I hope all of you who receive the two-page survey will do the same, in the interest of getting the most accurate look at Atascadero’s shopping habits. The survey was mailed to all of the city’s almost 11,000 households.
This is your opportunity to participate in what ADE hopes will be a genuine measure of our shopping habits.
I wish there had been a “him” and “her” aspect of the form, because we disagreed on some assessments of our shopping habits. As it was, the survey we mailed in was a consensus of those habits. Even at that, I think it provides a realistic picture.
I also wish the survey I mailed Friday had contained something about how we felt about Atascadero’s shopping opportunities—you know, something that said, “Yes, shopping stinks in Atascadero, but I don’t mind.”

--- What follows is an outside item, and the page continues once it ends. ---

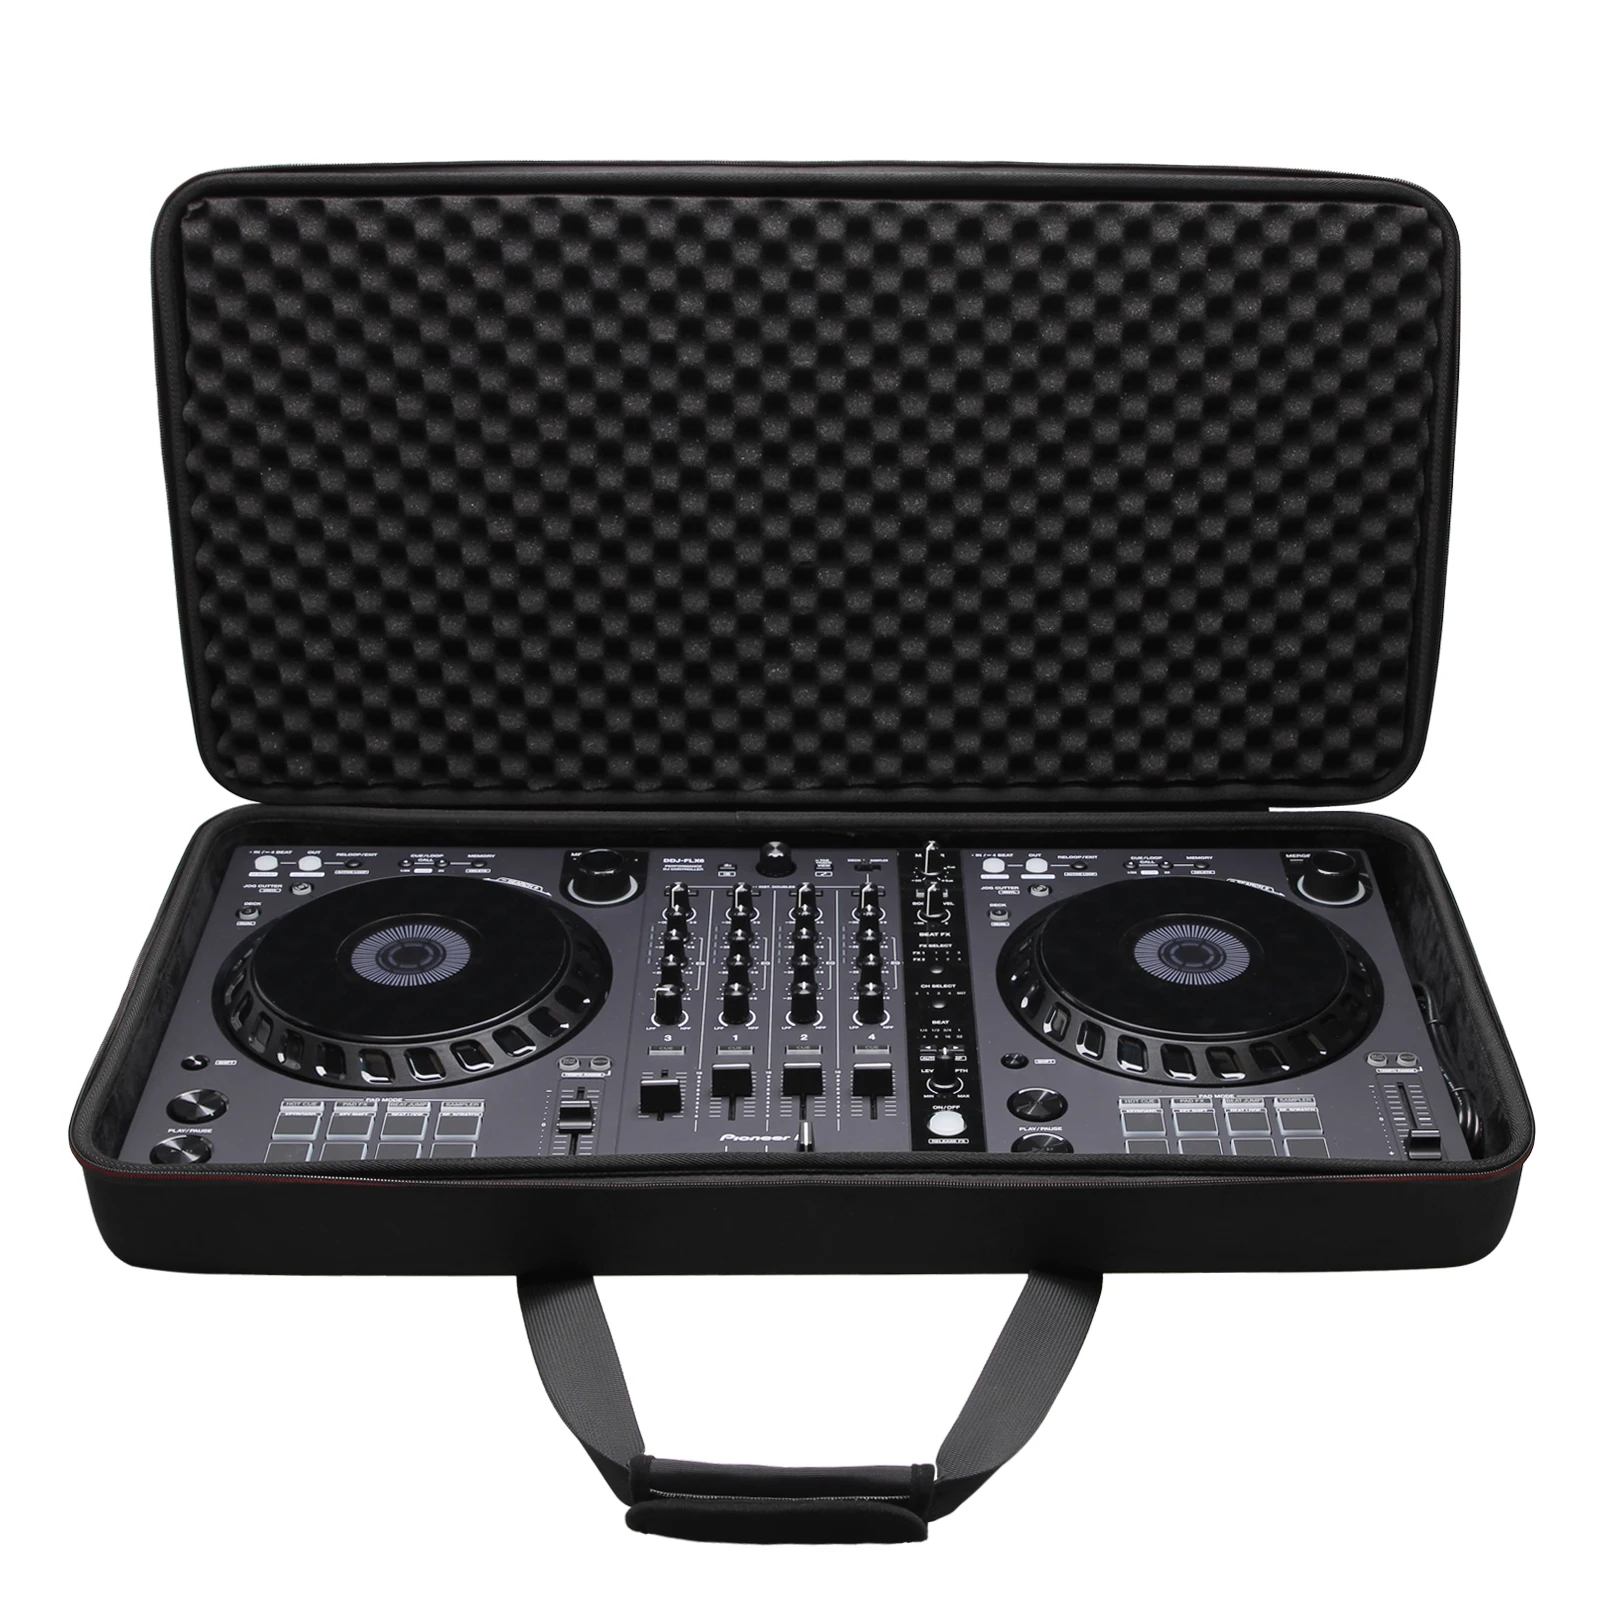 LTGEM pouzdro pro pionýr DJ DDJ-FLX6 4-deck rekordbox a serato DJ regulátor - cestovní pouzdro přenosné úložný skříňka

Having all the shopping amenities at our fingertips doesn’t make Atascadero a better place to live, after all.
It can help in a small way, of course. An economically healthy community can pave more roads, hire more cops and firefighters and maintain its infrastructure better than a city that’s broke, I’d agree.
But having a healthy economic profile isn’t the only measure of whether Atascadero is a good place or not.
I participated in one of the first public workshops along with about 20 other local residents in June. We were put through the SWOT test — you know, list Atascadero’s Strengths, Weaknesses, Opportunities and Threats.
As we went through the exercise it became obvious that one man’s strength was another man’s threat. During this same exercise at a meeting on downtown Atascadero, I suggested that Wal-Mart, for example, would be a threat to the downtown’s economic viability, while another member of the panel said it would save it. We both insisted our recommendations be recorded.
At the ADE public forum, Wal-Mart was the 800-pound gorilla in the room nobody was allowed to talk about. The proposed store is what drove the need for yet another economic study for Atascadero.
I’ll be eager to see the results of this survey, even though I don’t think this study is going to include anything the other five or six similar studies haven’t already said.
The first sentence in the instructions to the home survey reads: “The City of Atascadero is studying how its shopping areas can better serve local and regional patrons.”
So this becomes something larger than just providing services for Atascaderans. It suggests that we want to go after those shopping dollars from people in nearby communities, too. And that’s the underlying issue we’ve been arguing about already: How big do we want to be?